Japanese lolicon hentai manga magazine

Lemon People (レモンピープル, Remon Pīpuru) was an adult lolicon and bishōjo manga magazine published by Amatriasha from February 1982 to November 1998 in Japan. The first issue had some gravure idol photographs, but the format of the magazine quickly switched to all manga by the eighth issue.

Lemon People was one of the first lolicon magazines, with the first issue's cover stating that it "had the monopoly on lolicon comic content in 1982". Lemon People was the longest-running lolicon manga magazine in Japan at the time, this record only being surpassed by Comic LO in the late 2010s. The magazine ran stories with genres that included science fiction, cyberpunk, space opera, fantasy, and horror. Other stories often involved humor and parody. Lemon People received competition from other magazines such as Manga Burikko, Manga Hot Milk, Melon Comic, and Monthly Halflita, though none of them achieved the same success.

Before Lemon People, adult comics tended to be more dramatic and serious. Lemon People changed the genre by introducing a more cute style of manga, often with less realistic storylines. Lemon People was considered the beginning of the "new wave" of lolicon manga.

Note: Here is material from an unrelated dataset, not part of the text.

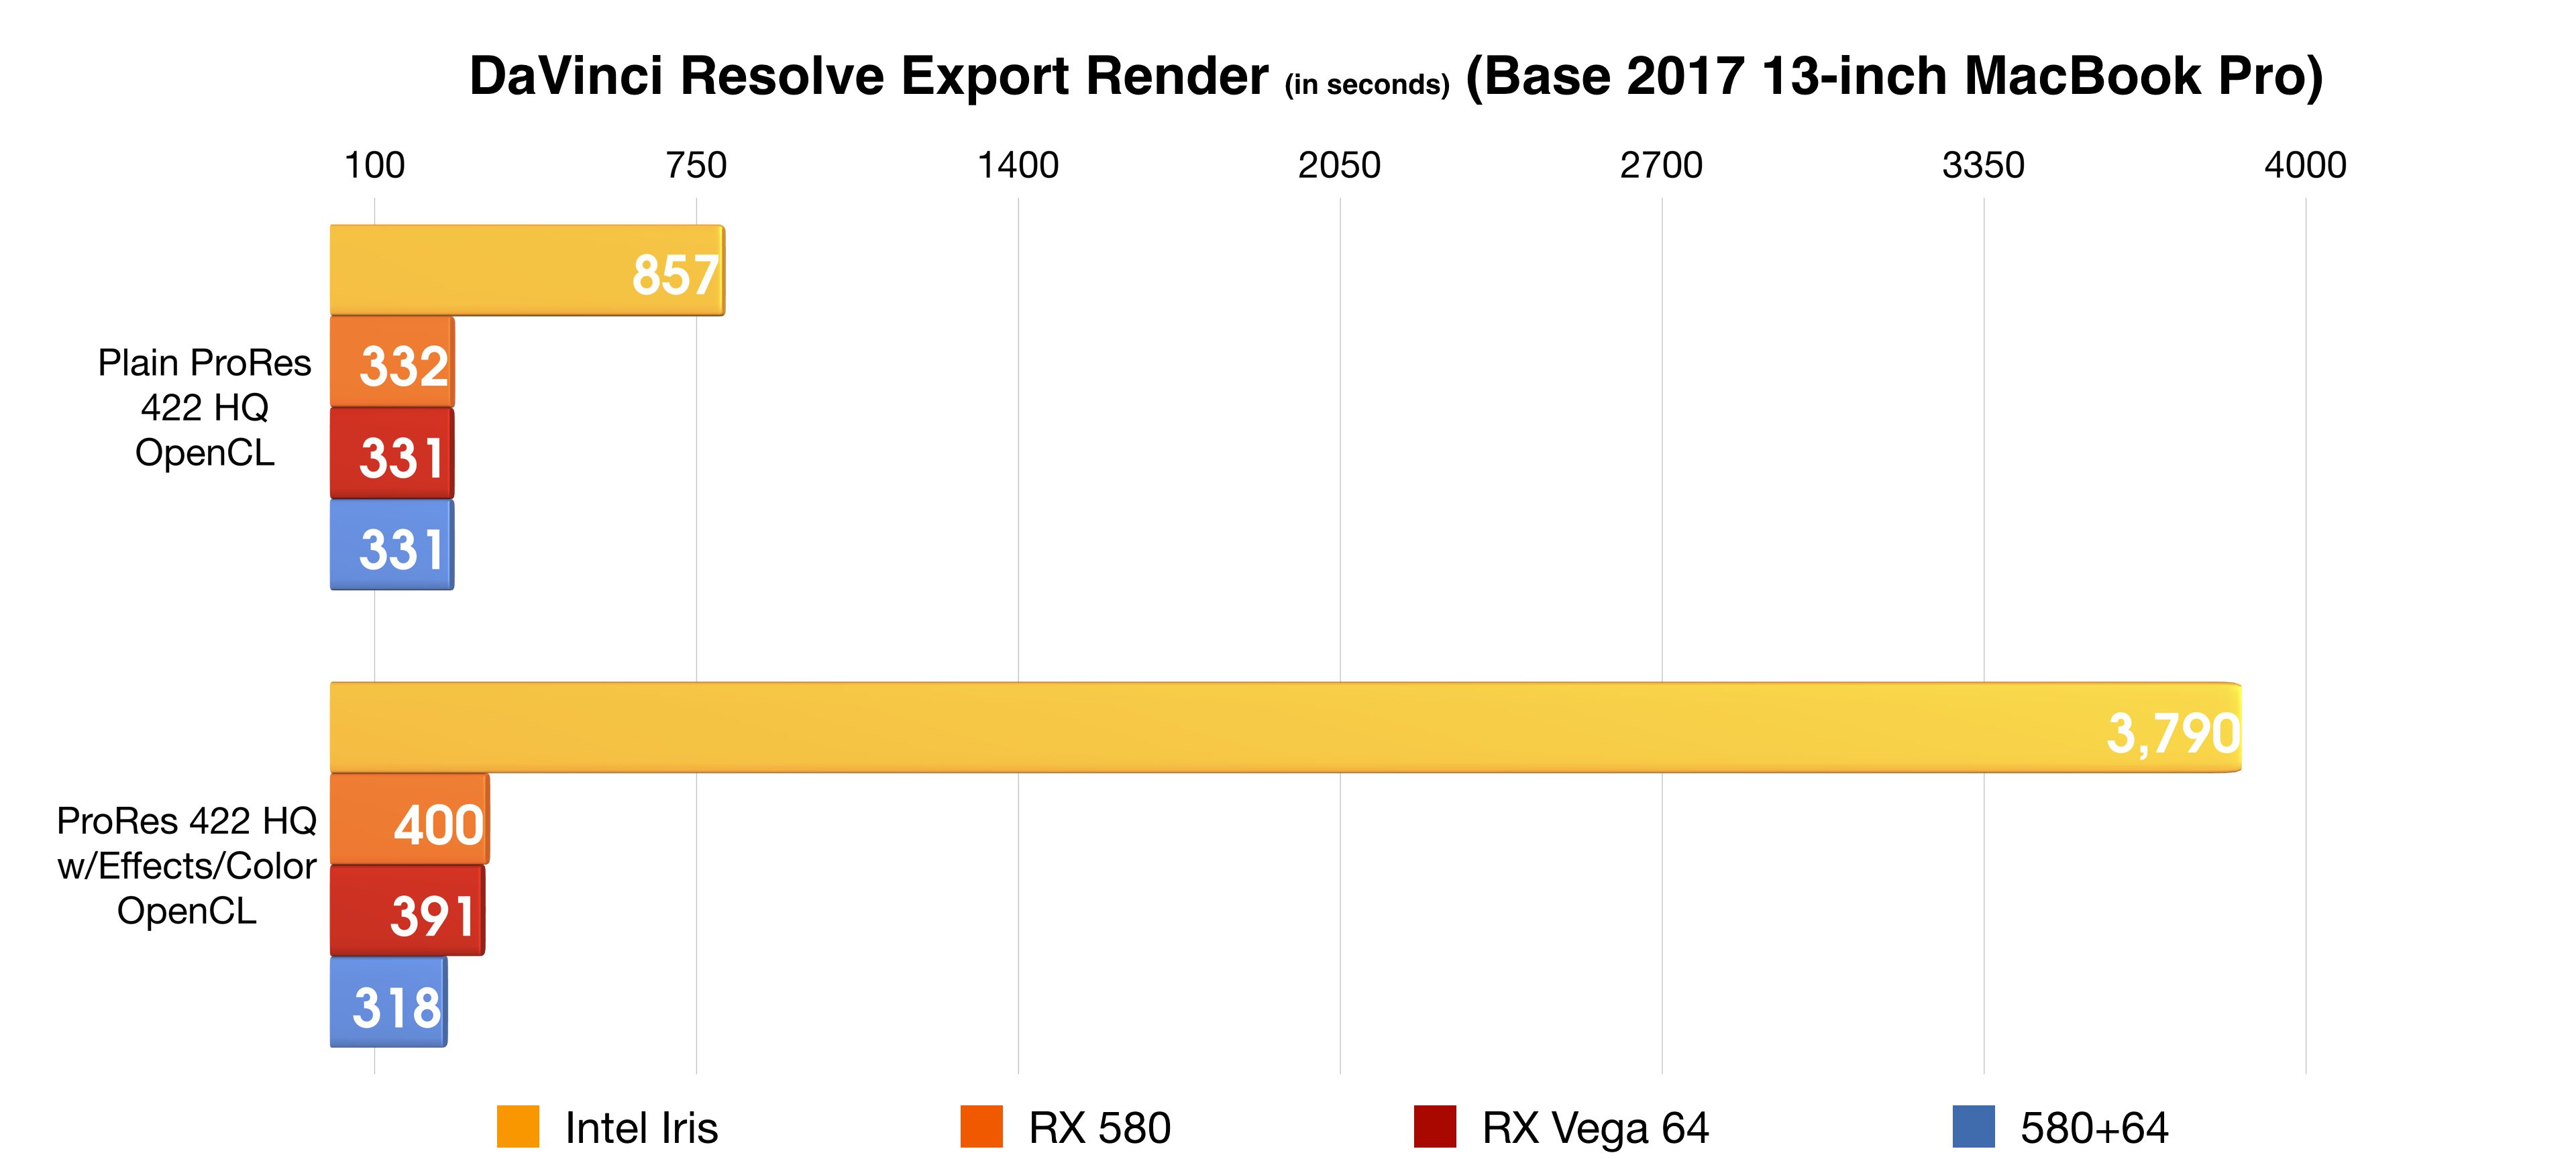 erfaring Ren Sightseeing Hands-on: DaVinci Resolve's eGPU-accelerated timeline performance and  exports totally crush integrated GPU results [Video] - 9to5Mac

Throughout the 1980s and 1990s, there was a growing movement in Japan to censor magazines such as Lemon People because some viewed them as harmful to young people.

By the mid-1990s, the sales of Lemon People began to drop, and the magazine changed its format to the B5 paper size and reduced its cover price. However this strategy was not effective, and the November 1998 issue was the last one, ending a run of sixteen years and nine months.

==Manga artists published==
Many manga artists published works in Lemon People over its nearly seventeen-year run. Following is a list of some of them:

- Shun Ajima
- Rei Aran
- Yoshitō Asari
- Hideo Azuma
- Moriwo Chimi
- Clarissa
- Dragoon
- Fukuryū
- Knife Senno
- Ryū Hariken
- Toshihiro Hirano
- Ken Hirukogami
- Hiro Hoshiai
- Narumi Kakinouchi
- KAN2O
- Kobayashi Shōnen
- Meimu
- Nekoi Rutoto (Nekoi Psydoll)
- Hikaru Nagareboshi
- Fumio Nakajima (the Lolita Anime OVAs were based on his works here)
- Ochazukenori
- Makoto Orikura
- Ruria046

==Special issues==
Beginning with the 29th issue of Lemon People, some special themed issues started being published infrequently, including two full color mooks for the anime series Fight! Iczer One. Here is a short list of some of them:

- Bishōjo & Robot (美少女&ロボット, Bishōjo ando Robotto) (issue 29, science fiction, 15 May 1984)
- Bishōjo in Occult House (美少女inオカルト・ハウス, Bishōjo in Okaruto Hausu) (issue 35, horror, 15 October 1984)
- Lemon People Best Collection (レモンピープル/Best Collection, Remon Pīporu Besuto Korekushon) (issue 40, reprint collection of full color art and stories from past issues, 15 February 1985)
- Lemon People issues 61, 65, and 70 (1986–1987) are full color collections of original stories & art that deal with subjects like horror & fantasy.
- Lemon People Best Selection1982-1988 (レモンピープル・ベストセレクション1982-1988) (reprint collection of color art and stories from past issues, cover art: Senno Knife)

==Trivia==
Lolita Anime, notable for being the first hentai OVA, was based on a work published in Lemon People.

Nekoi Rutoto(Nekoi PSYDOLL), who had a long-running four-panel comic strip serialized in Lemon People, was a high school girl at the time. To make an appeal, she showed up to the editorial office wearing a sailor uniform.